Omit every picture and return the rest of the data unaltered.

Provided material: Begin

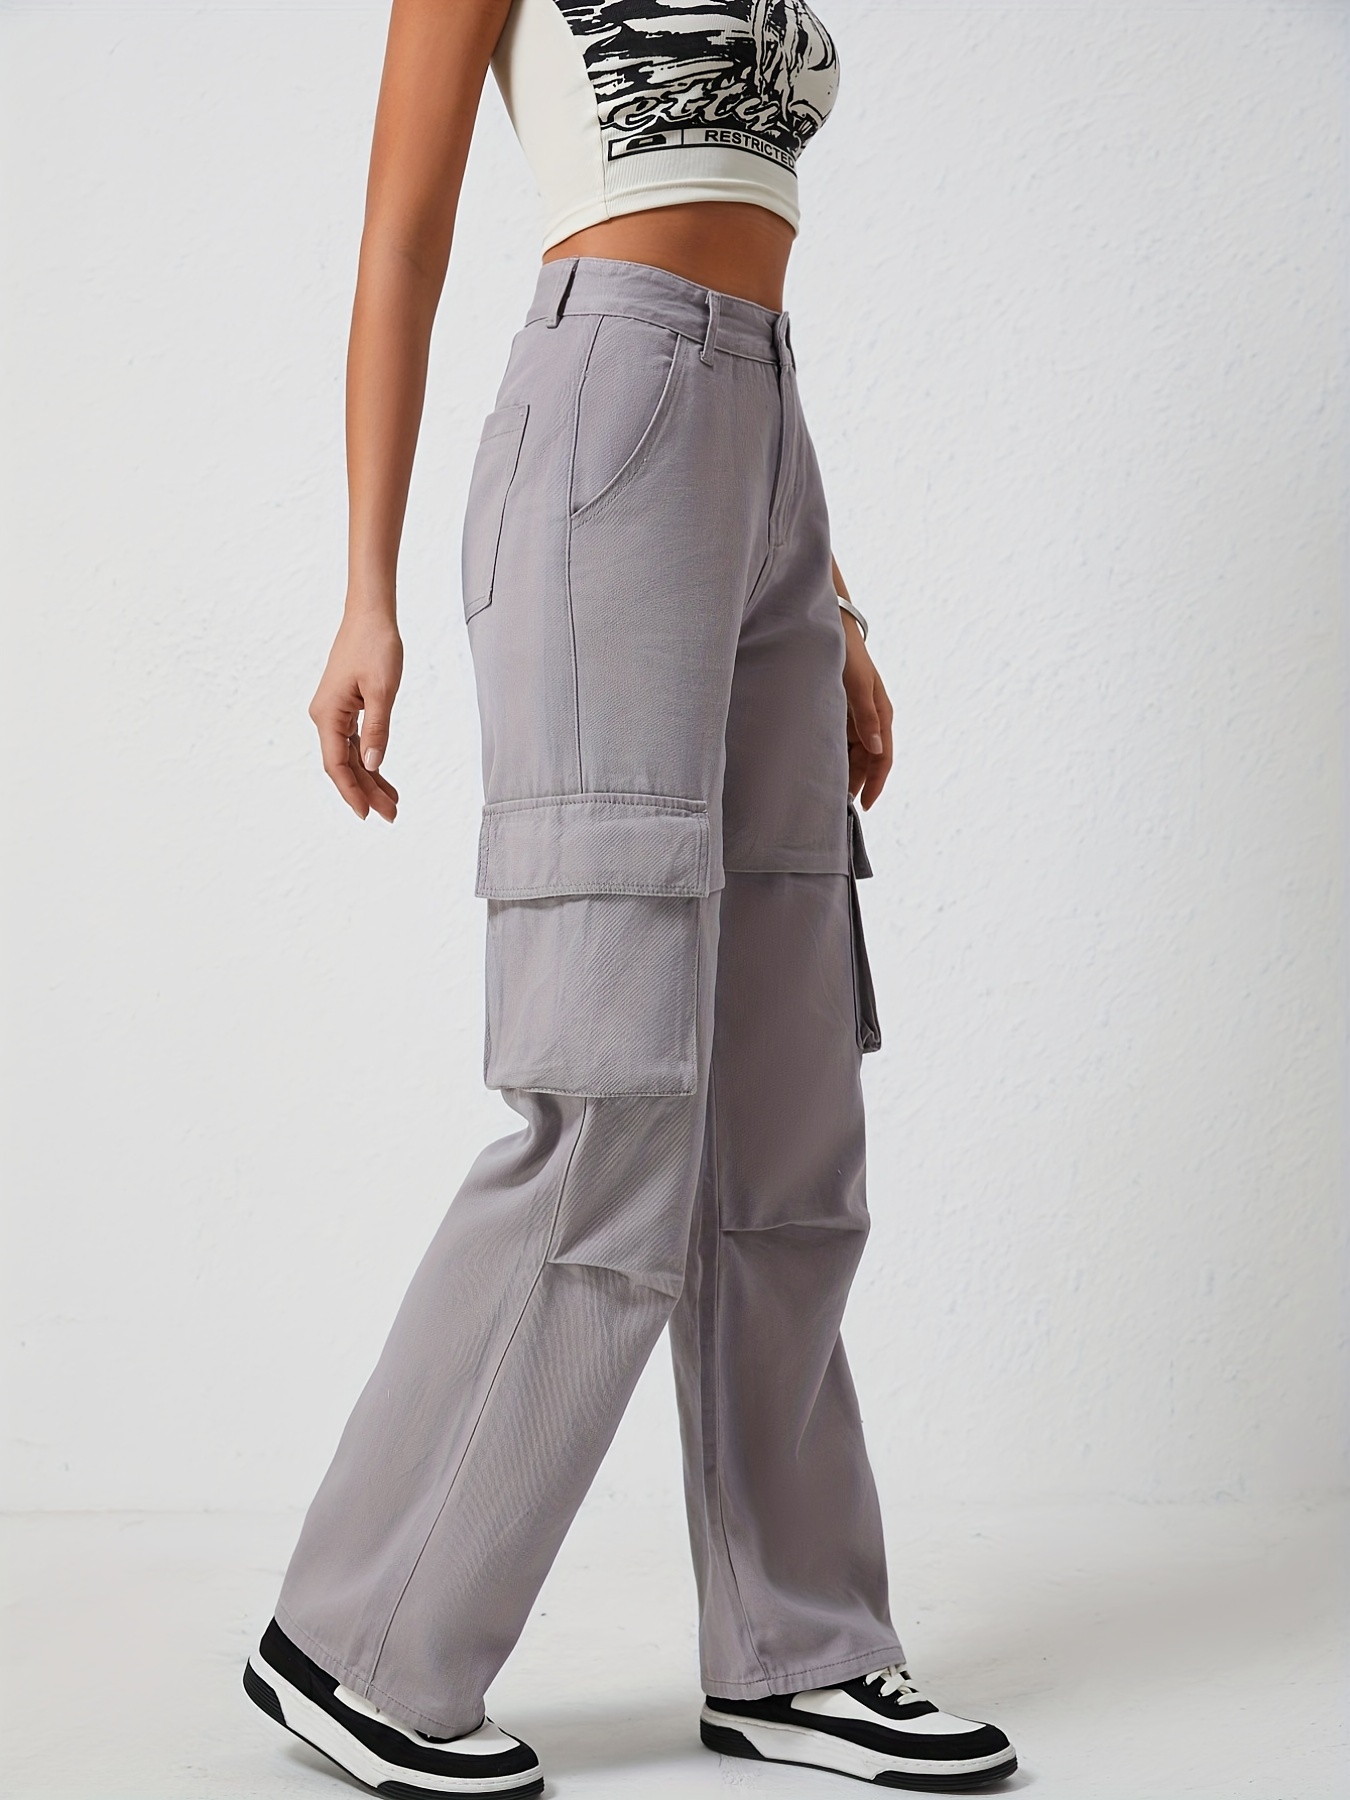 Fashion Women Casual Cargo Pants Khaki Solid Color High Waist
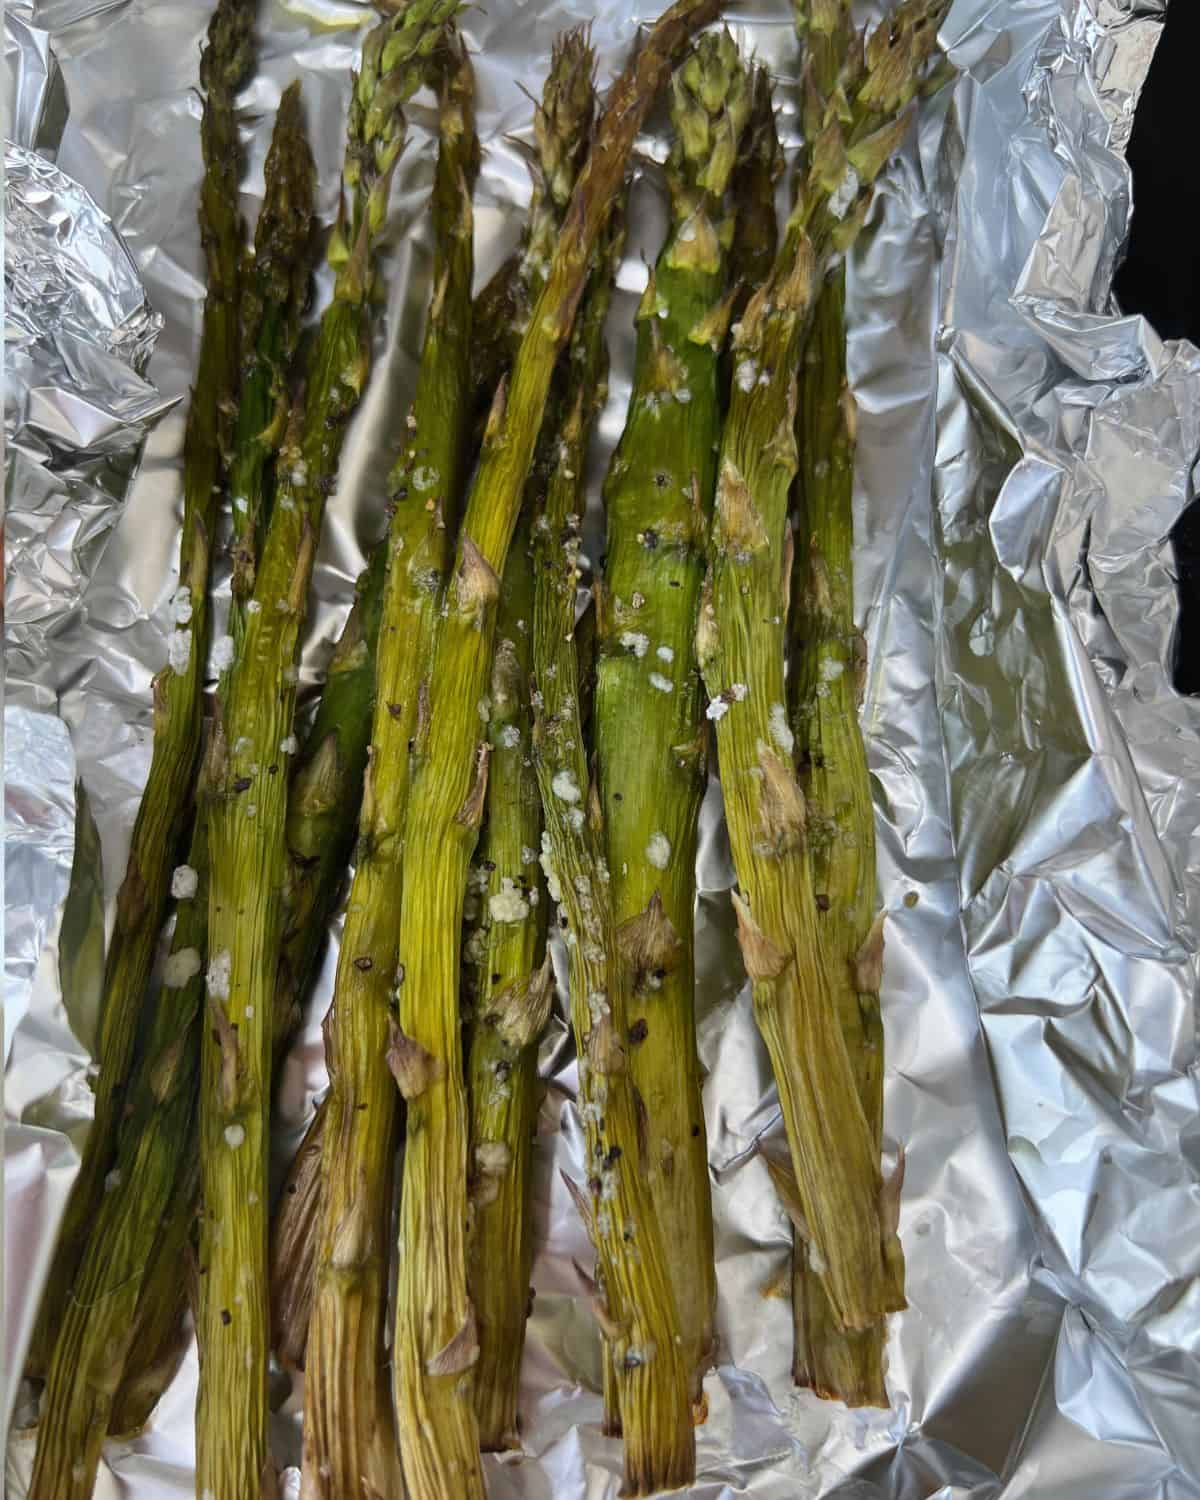 Seasoned smoked asparagus in foil. 
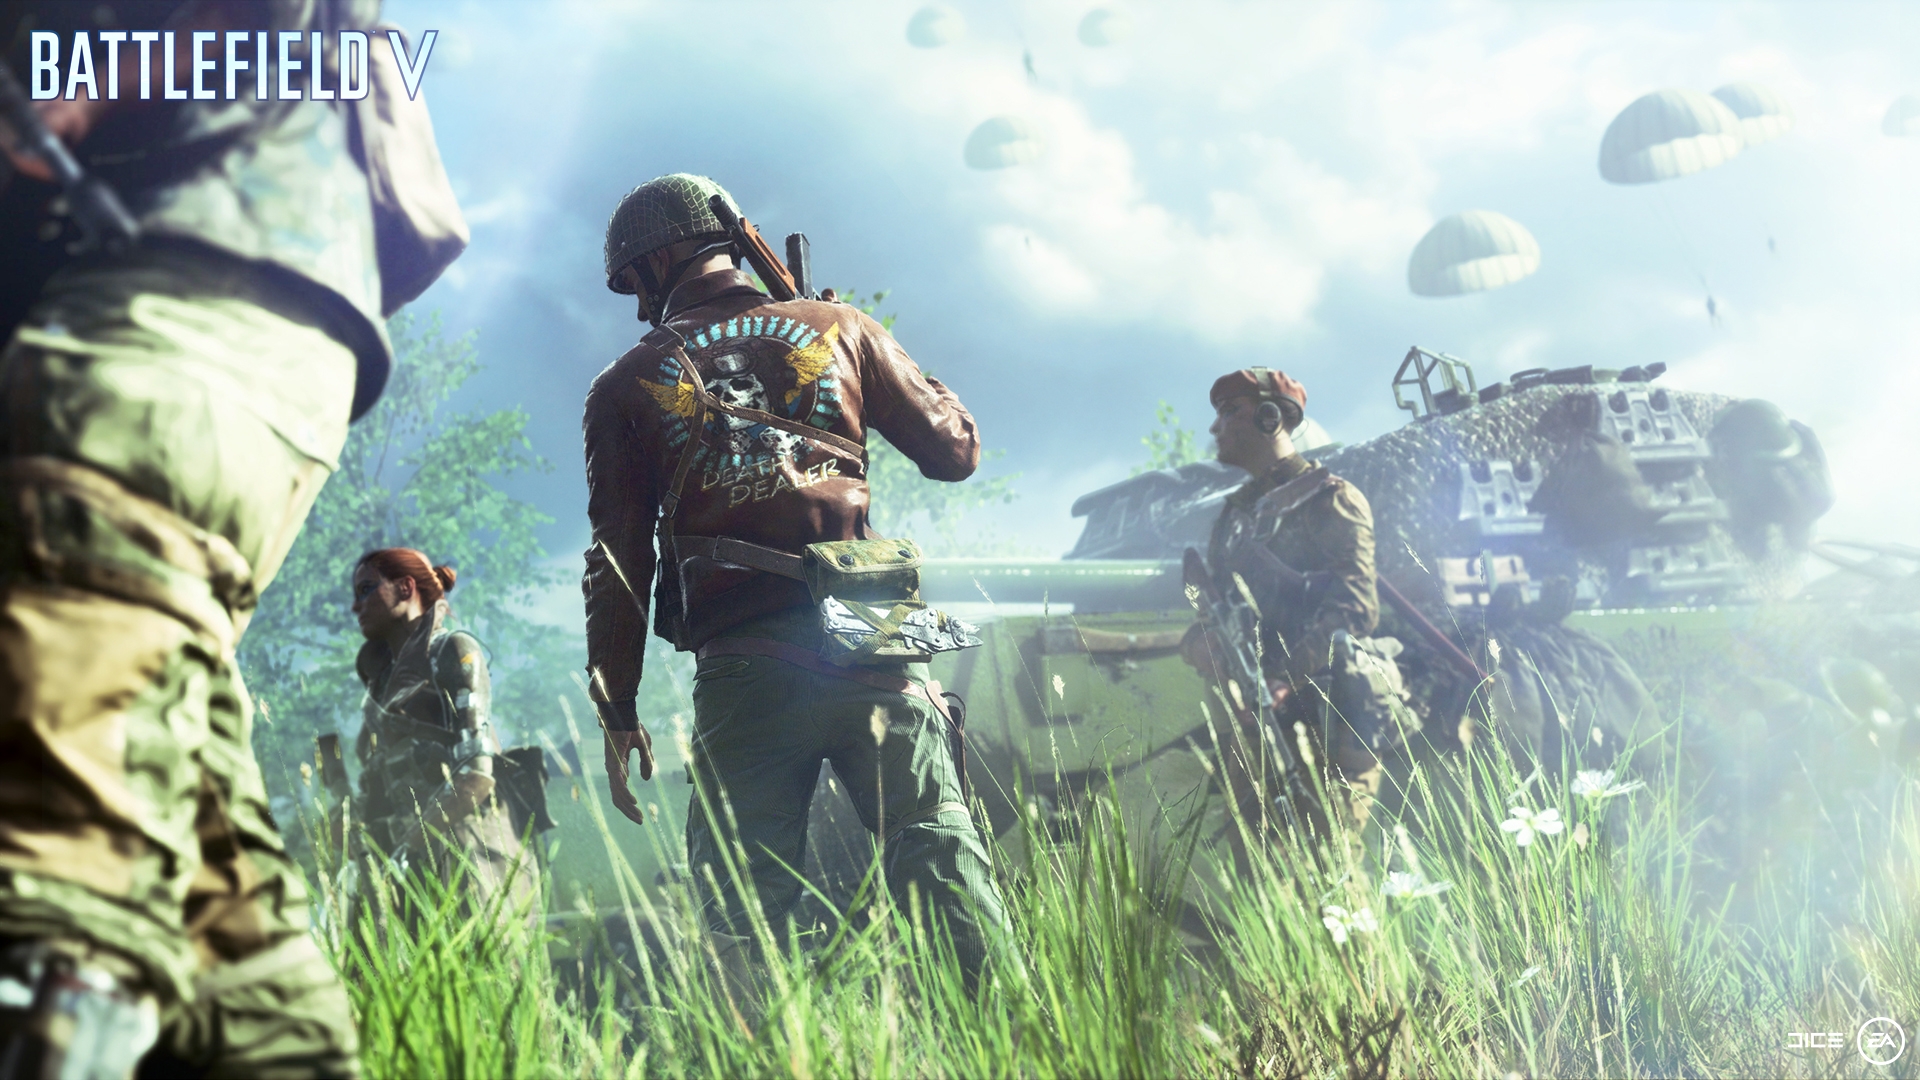 Battlefield 5 Screenshots #4 - Bild: EA

Provided material: End

Expected answer:
 Fashion Women Casual Cargo Pants Khaki Solid Color High Waist
 Seasoned smoked asparagus in foil. 
 Battlefield 5 Screenshots #4 - Bild: EA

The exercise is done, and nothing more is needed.